Contrasting with Texas, where I have a federal tax credit on solar installation, I have zero incentives from the state, and very limited options for power buy-back.

Rant: I have hundreds of retail electric providers competing for selling me electricity, but only three willing to buy it back, and two of those are really the same company: Green Mountain and NRG. Green Mountain had the best deal, selling and buying power at the same price. If I manage to run negative, then it just goes into a virtual bank account. They'll never actually cut me a check.

Still, despite the decided lack of incentives, a few months ago, we installed solar. We have a 9kW system (36 panels, 250W peak each, and Enphase micro-inverters). I basically just wrote a really big check and now I get cheaper electricity for the next two decades.

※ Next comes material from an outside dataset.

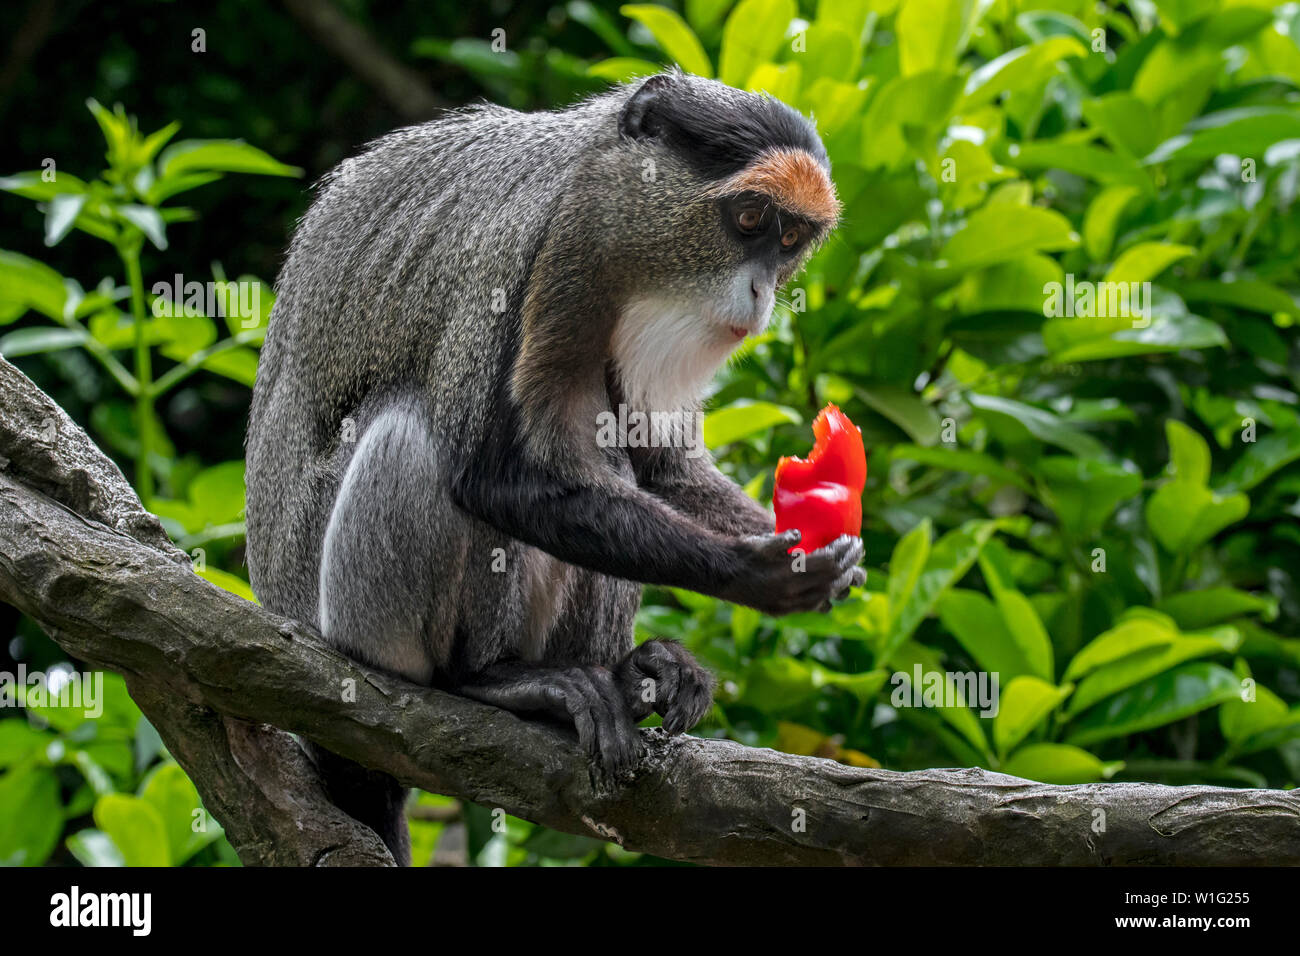 De Brazza's monkey (Cercopithecus neglectus) nativas de África Central, comer fruta en el árbol Foto de stock

Our house is a bit rectangular, with the longer sides facing east and west, so the solar guys decided to have an east-facing bank and a west-facing bank. This means that in the morning, the west-array is in shade and in the afternoon the east-array is in shade. Not exactly optimal, but the best they could do with my house.

What's nice about Enphase is that you get a seriously nerdy web and app experience to see how your roof is doing. They even include an optional public-facing thing (which you can disable if you're concerned with privacy). Here's my house. What that view doesn't show you is that on a cloudless bright day, I'm getting a peak of 4.5kW out of my roof, maybe half of it's rated peak power. When summer rolls around, I hope that number goes higher. Still, my monthly power usage in the winter tends to be in the 600-800kWh range, which is roughly what the solar system is putting out. In the summer, we'll get more light, and we'll be running the air conditioning more, so hopefully those continue to cancel each other out.

Curiously, Enphase uses power-line networking of some sort. You plug a box into your power mains on one end and your Ethernet on the other, and it does everything else.

More nerdy details:

Solar panels are kinda like giant batteries on your roof. Traditional systems just wire them in series, but if you've got a shadow on any one panel, it increases the resistance for the whole damn array. This is supposedly the big benefit for Enphase. Because each panel has its own inverter, a shadow on any one panel (e.g., from an exhaust vent on your roof) will cause only the one panel to produce less.

The only downside of the microinverter business is that Enphase's biggest modules only do something like 255W, versus the 350W panels that you can buy from LG and perhaps some other vendors by now. For my roof, where we've got plenty of space, it's a non-issue, but if you're very limited in your available roof and you decide to go with the bigger wattage panels, then you're not going with Enphase.